Die Psychoanalytikerin Jeannette Fischer war zu Gast bei Burkhard Müller-Ullrich. Dort erklärte sie sehr gut nachvollziehbare Erklärungsmuster für das Verhalten konformistischer Zeitgenossen. Also jene, die demonstrativ ihre Maske tragen, überall. Die einen sofort anranzen, wenn man sich nicht konform verhält. Die einen sofort in die Ecke stellen, wenn sie am Ende ihres eigenen intellektuellen Horizonts angekommen sind.
Es geht dabei um das Ausagieren der eigenen Aggression aus einer sicheren Deckung: Auch diese Leute haben Wut, aber sie trauen sich nicht, diese auszuleben, außer wenn es gesellschaftlich (vermeintlich, suggeriert durch Agitation in den Medien) gebilligt oder gewollt ist. Deren Aggressionen werden durch Angst geschürt. Genauer: Durch die Säue, die die Medien in regelmäßigen Abständen durch das globale Dorf jagen.
Frau Fischer unterscheidet zwischen Angst und Furcht (und es war guter Journalismus, dass Müller-Ullrich zuerst die Basisbegriffe klären wollte). Furcht bewirkt rationales Handeln zur Reduzierung eines erkannten Risikos. Angst hingegen bewirkt Lähmung. Entspannung entsteht hier nur durch kollektives Verhalten gegen einen gemeinsamen Feind. Z. B. Kollektives Maske Tragen und kollektive Hetze gegen Verweigerer. Die ängstlichen Konformisten sind unbewusst sogar froh über die Verweigerer, denn so können sie die Projektion ihrer Aggression von einem unsichtbaren Virus auf sichtbare Zeitgenossen lenken und ausagieren. Die konformistische Masse sehnt sich nach Entlastung durch Entladung ihrer angestauten Aggression gegen einen Sündenbock.

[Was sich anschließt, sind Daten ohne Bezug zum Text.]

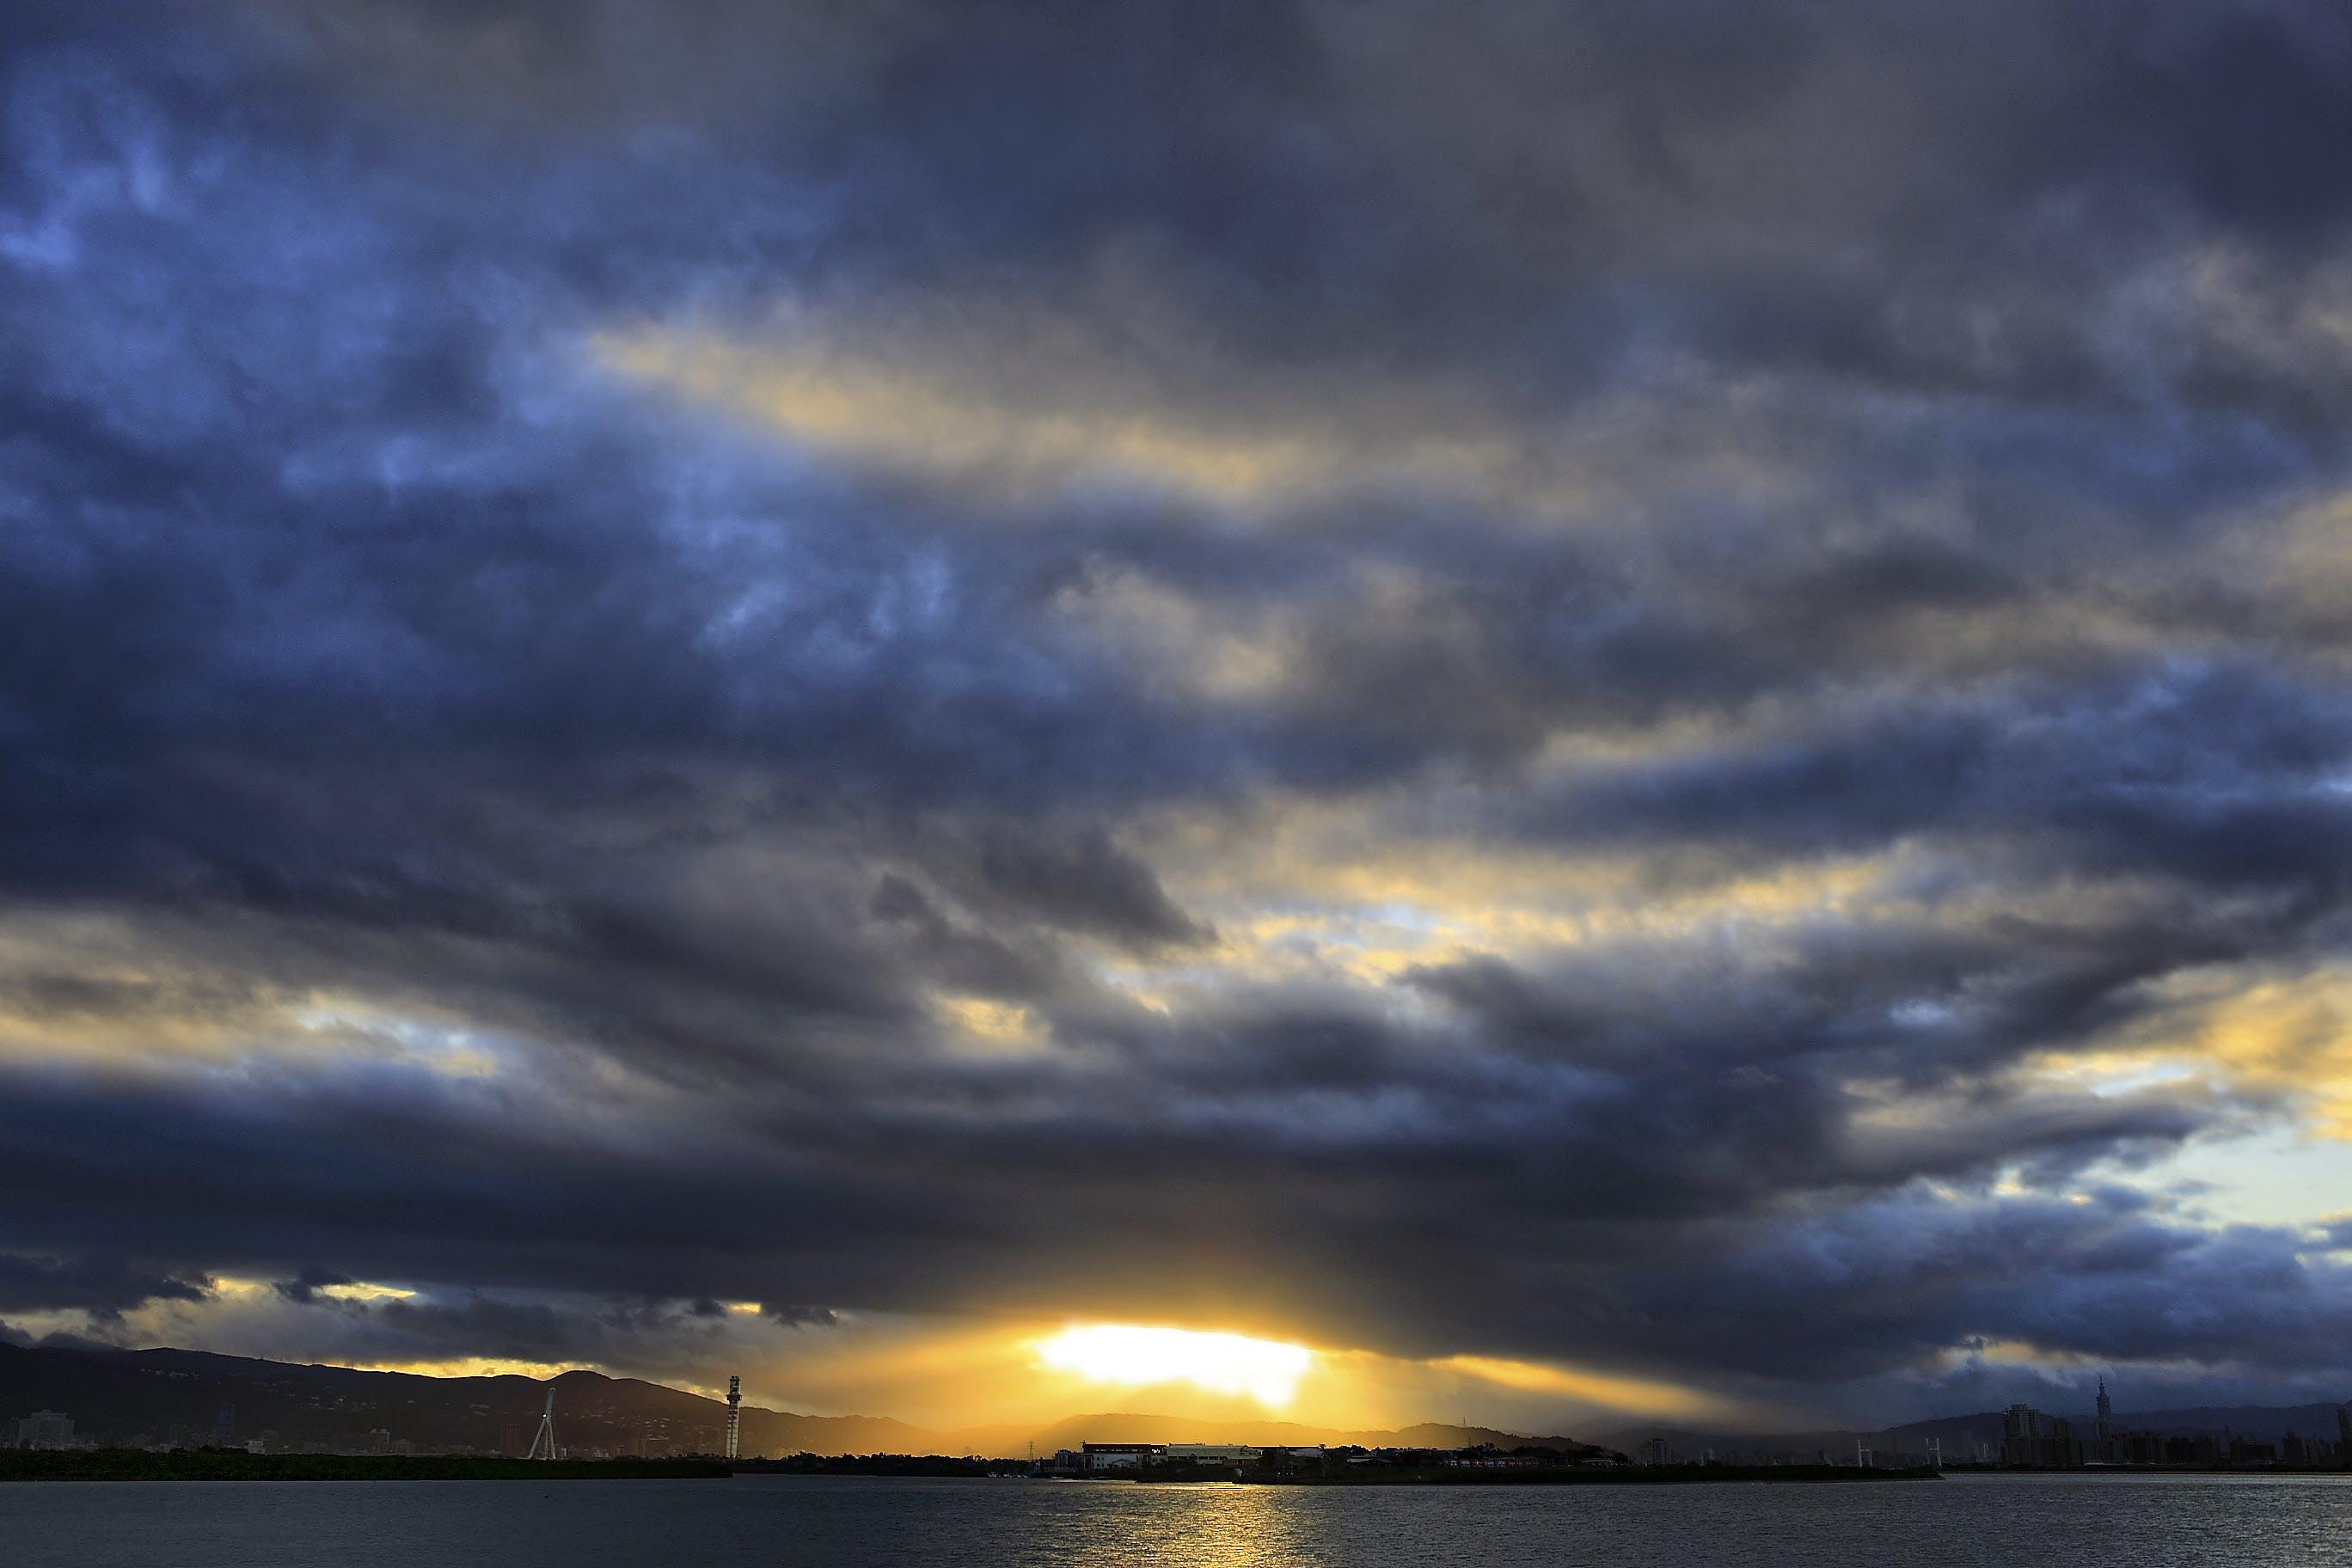 Nimbus Clouds at Sunset View

Dass es auch in der verkündeten Pandemie entweder auch oder vor allem darum ging, verriet übrigens Christian Droste in einem seiner ersten NDR Podcasts: "Auch wenn der Nutzen der Masken noch nicht eindeutig erwiesen ist, signalisiert ihr Träger aber auf jeden Fall: Ich habe verstanden, und aus Solidarität mache ich mit."
Ich selbst erlebte in der Anfangsphase, im Februar 2020 übrigens folgendes: Die Nachrichten aus Wuhan standen da noch nicht auf den Titelseiten, aber eine chinesische Kollegin aus dem Nachbarbüro trug bereits eine Maske. Sie nannte das "Wuhan-Virus" als Grund, und sie wisse um die Geschwindigkeit, mit der sich Viren auf der Welt ausbreiten. Ok, dachte ich: Wer sollte das besser wissen, als eine chinesische Kollegin und meine Frau und ich besorgten uns Masken in einer Apotheke. Allerdings gab es zu der Zeit noch keine OP- oder FFP2-Masken zu kaufen, sondern nur diese ganz einfachen Stoffmasken.
Als ich am nächsten Morgen im Projektbüro auftauchte erlebte ich Staunen, Gelächter und Witzchen. Ich sagte: Als Zugpendler werde ich auf Nummer sicher gehen. Meine Kollegin erwähnte ich nicht, so dass sich meine witzelnden Kollegen in diesem Moment allein auf ihr eigenes Urteilsvermögen stützen mussten. Sie erklärten mir im Brustton der Überzeugung, warum Masken gegen "gefährlich Viren" nutzlos seien. Krankenhausmasken trage man nur zum Schutz von OP-Patienten, gegen die Verbreitung von Keimen. Aha.
Die gleichen Kollegen gehörten später zu den härtesten Kritikern von Kollegen ohne Masken, als die Regierung und der Vorstand Masken in Büros anordneten.
Ich erklärte es mir dann auch so, dass es einem angespannten Kollektiv bei der Bewertung von abweichendem Verhalten, nicht um die Wahrheit geht - nicht mal aus Eigeninteresse, um sich selbst zu schützen. Es geht nur darum, selbst auf der sicheren ("befohlenen") Seite zu stehen. Und einen Sündenbock zu haben, falls die eigene, konforme Angst nicht mehr auszuhalten ist.